Characterizing patterns of agricultural land use in Amazonia by merging satellite imagery and census data.

Jeffrey Alan Cardille - 2002
[UMI Proquest Full Citation]

In recent decades, millions of hectares of Amazonian primary forest, cerrado, and secondary forest have been cleared to support a dramatically increasing number of cattle and humans. With plans proposed for major new highways and utilities in the basin, development is highly likely to continue in coming years. Conversion to human use threatens to change the climate, ecosystems, and natural resources of Amazonia, and these effects are due not only to changes in land cover but to the land use management practices that follow. Unfortunately, we lack basin-wide information about land use across Amazonia. A key reason for this dearth of information is that earth-observing satellites designed to interpret land cover are prone to miss the land use changes within; in an area encompassing millions of square kilometers, it is impossible to visit more than a small portion of the study region to quantify land use activities.

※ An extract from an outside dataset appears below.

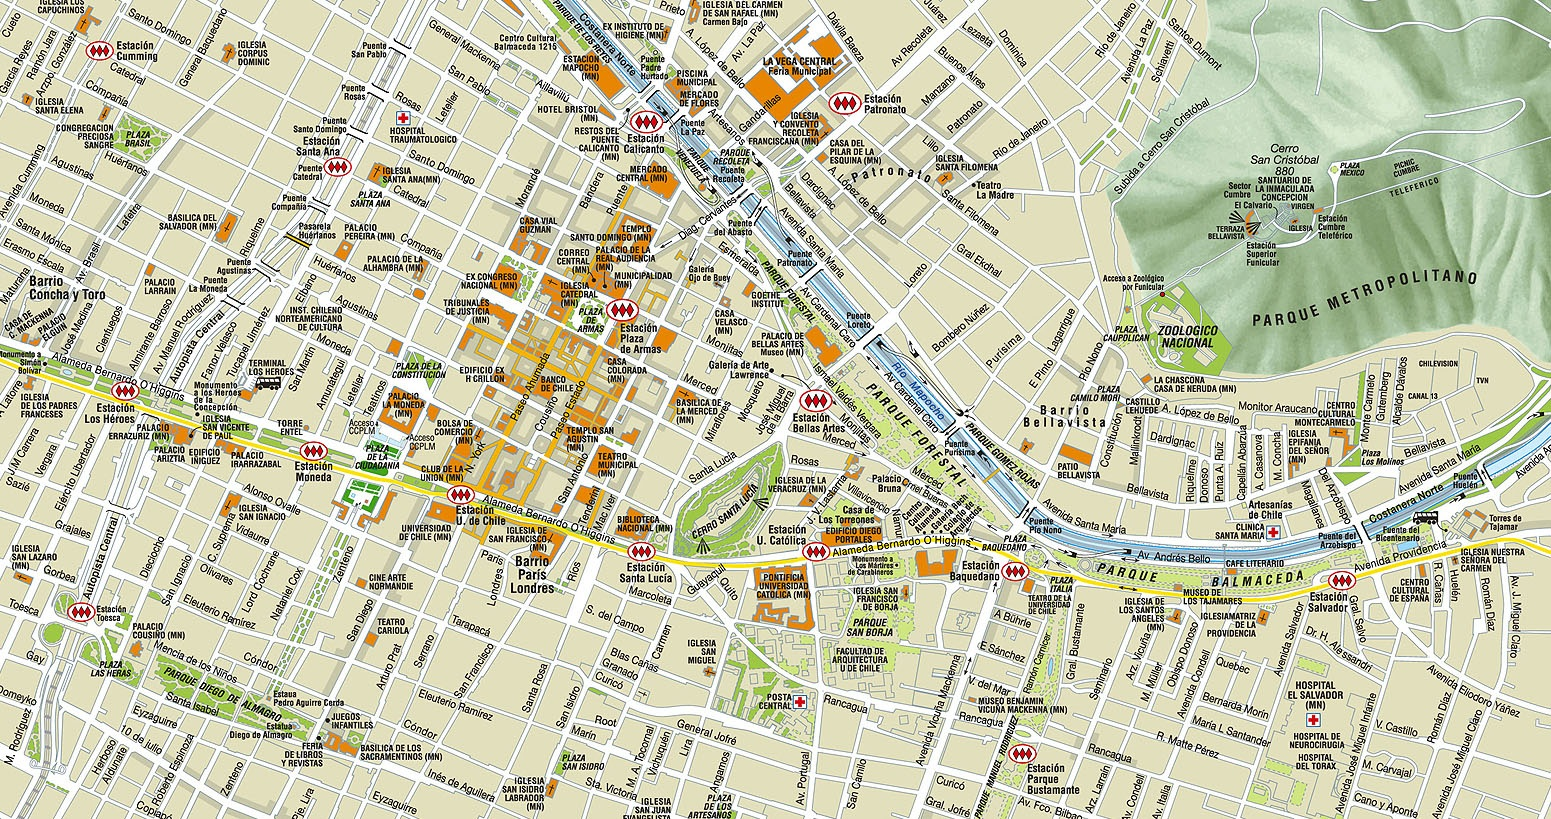 chile lel agora em berlim mapa santiago

Agricultural censuses suggest a strategy to fill this gap: in Amazonia, they provide the only ground-surveyed land use information — yet because they are not easily reconciled with satellite-based land cover information, census data are underutilized. The research forming this dissertation presents a new, basin-wide depiction of land use in Amazonia by developing and applying new tools for understanding the past, current, and future impact of agricultural development. Specifically, this dissertation: (1) presents a new detailed understanding of the distribution and density of agricultural land use practices in Amazonia in the mid-1990s by fusing agricultural census data with satellite-derived land cover classifications; (2) assesses historical changes in agriculture of the previous decades; and (3) describes and applies new general techniques for the rapid update of land use data sets and maps using satellite imagery and census data. The fusion of census and satellite data described here advances our understanding by uniting the strengths of two distinct types of information about human activity in Amazonia. The contributions presented here provide demographic, economic, and ecological studies with new knowledge of the location, density, and history of crucial agricultural land use processes in this highly threatened and rapidly changing region.